Простой и убедительный пример: на взгляд европейца, монголоидные народы Китая и Японии внешне очень похожи; на деле же китайцы и японцы есть по духу народы-антагонисты, чье искусство, этика и даже кухня зиждутся на прямо противоположных принципах! Или: между собором Нотр-Дам де Пари (первоначальная застройка 1163–1182) и храмом Святой Софии Новгородской (1045–1052) — настоящая пропасть, эстетическая и этическая, мировоззренческая; ничего общего, хотя то и другое здание с небольшим историческим отрывом заложили белые европеоиды, единоверцы-христиане. И в дальнейшем противоположности архитектурного стиля европейских и русских церквей только нарастают, ярко отражая различие всей ментальности. Секрет и отличие европейского искусства от русского — упорядоченная с помощью особых приемов красота; у нас же художник должен творить, как Бог на душу положит. В результате средний европеец воспринимает красоту русского стиля как дикарскую, варварскую, а мы ихнюю, по большей части, — как искусный, но безблагодатный трюк.

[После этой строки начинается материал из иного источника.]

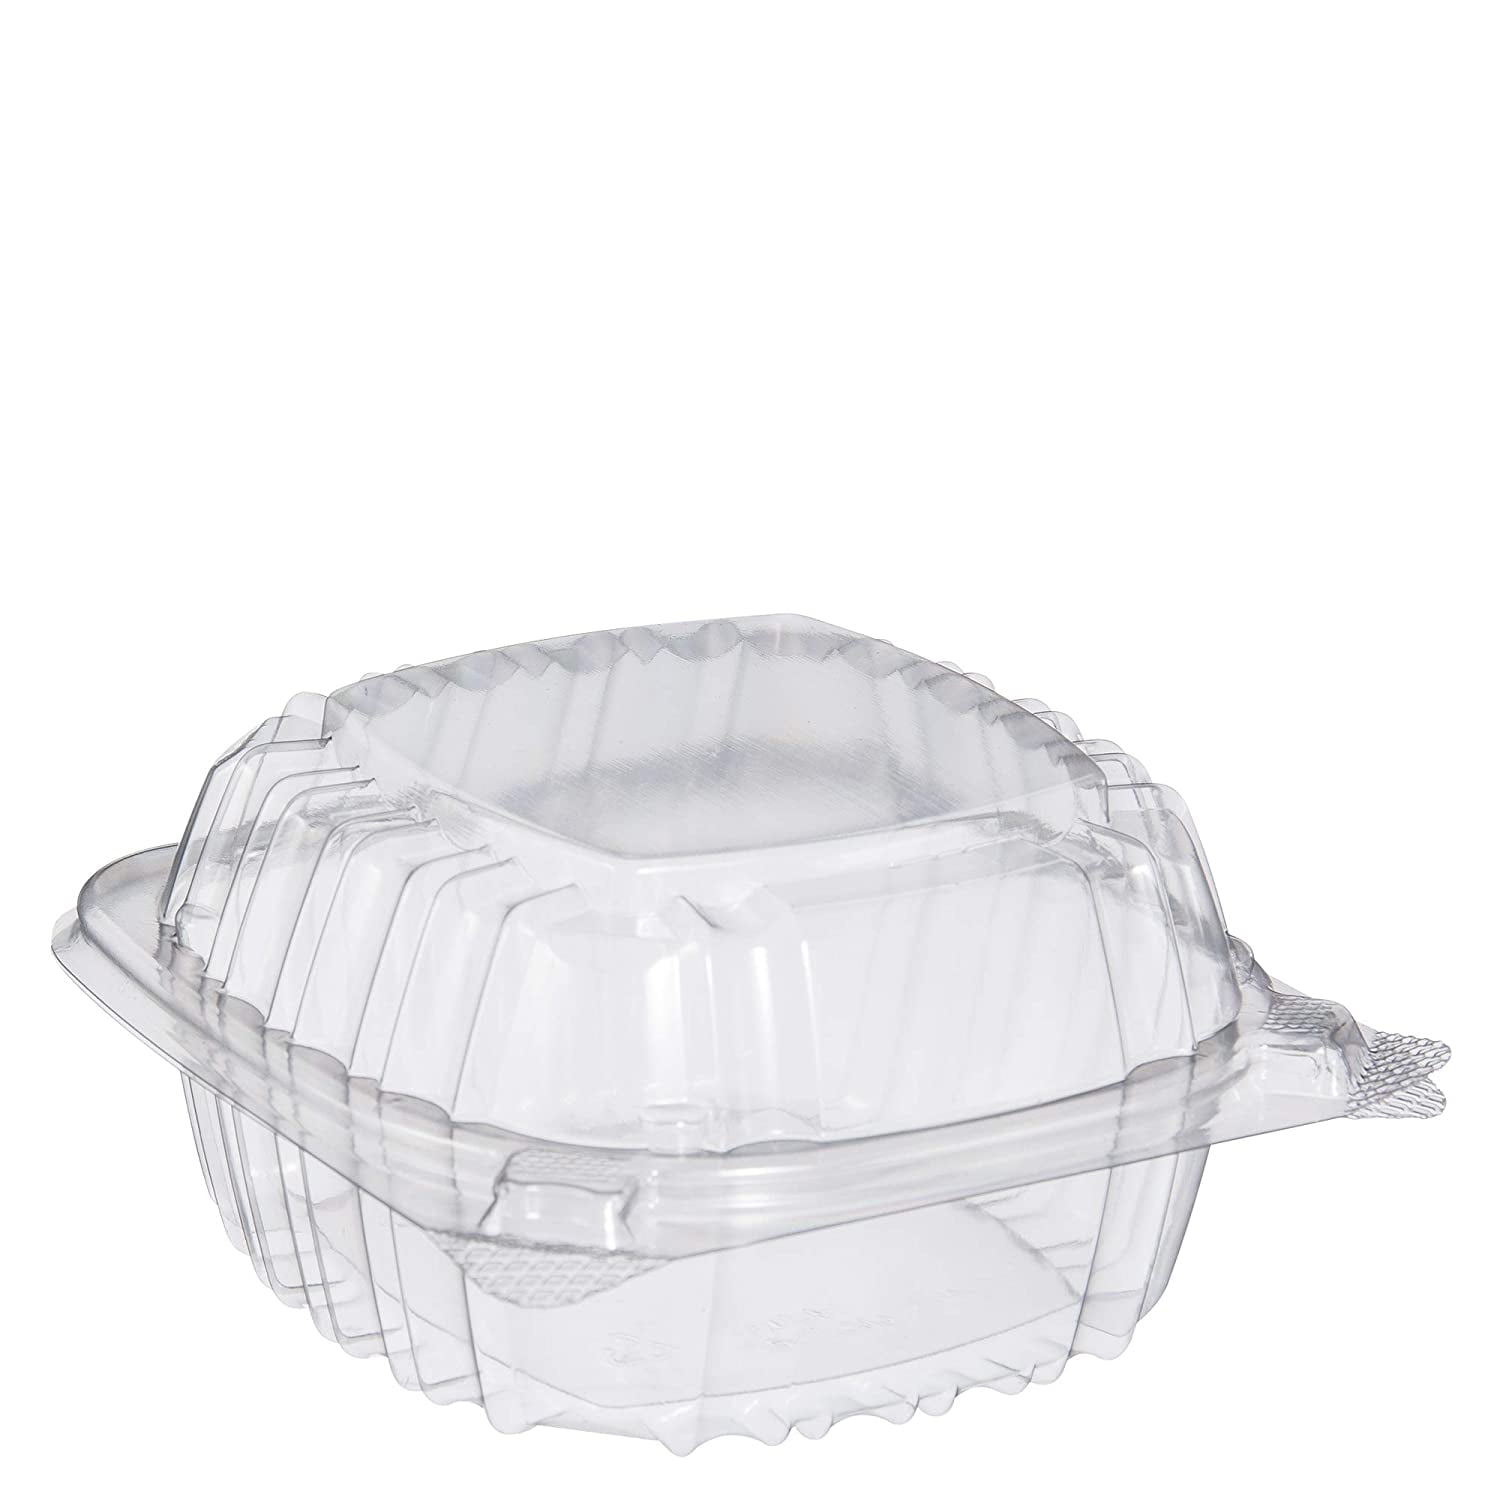 Deep Fill Plastic Sandwich Wedges x 500 REDUCED IN PRICE!

Ярче всего этнические духовные различия, процветающие даже внутри рас между расово близкими этносами, проявляются в языке, культуре и религии. Это видно с первого взгляда. Но если идти в глубь проблемы, все эти отличия неразрывно связаны с темой языковой дивергенции, которую нельзя разъяснить без учета дивергенции биологической.

Зачем, в самом деле, народам индоевропейской языковой группы, некогда бывшим единым народом, говорившим на одном языке, понадобилась языковое разделение, приведшее к разобщению и невозможности взаимопонимания? Трудно вообразить, сколько бед проистекло от этого расхождения языков, усугубившего разделение народов, заменившего отношение «свой к своему» на отношение «свой к чужому». Понятно, что такое расхождение могло быть только следствием неких естественно-биологических процессов, неподконтрольных человеку, а уж никак не результатом чьего-то целеполагания, доброго или злого, осмысленного или нет!

Именно и только расово-этническая дивергенция (расхождение физических признаков внутри расы и, как следствие, образование этносов) влекла за собой фиксацию и генетическое наследование определенных физиологических особенностей. В том числе не только тех, которые формируют фонетику языка, но также отделов мозга, отвечающих за семантику и синтаксис, то есть логику языка. Как отмечал еще сто лет назад выдающийся французский антрополог Поль Топинар: «Существуют языки, глубоко отличающиеся друг от друга и требующие особого устройства гортани для разговора на них и особого понимания для уразумения их».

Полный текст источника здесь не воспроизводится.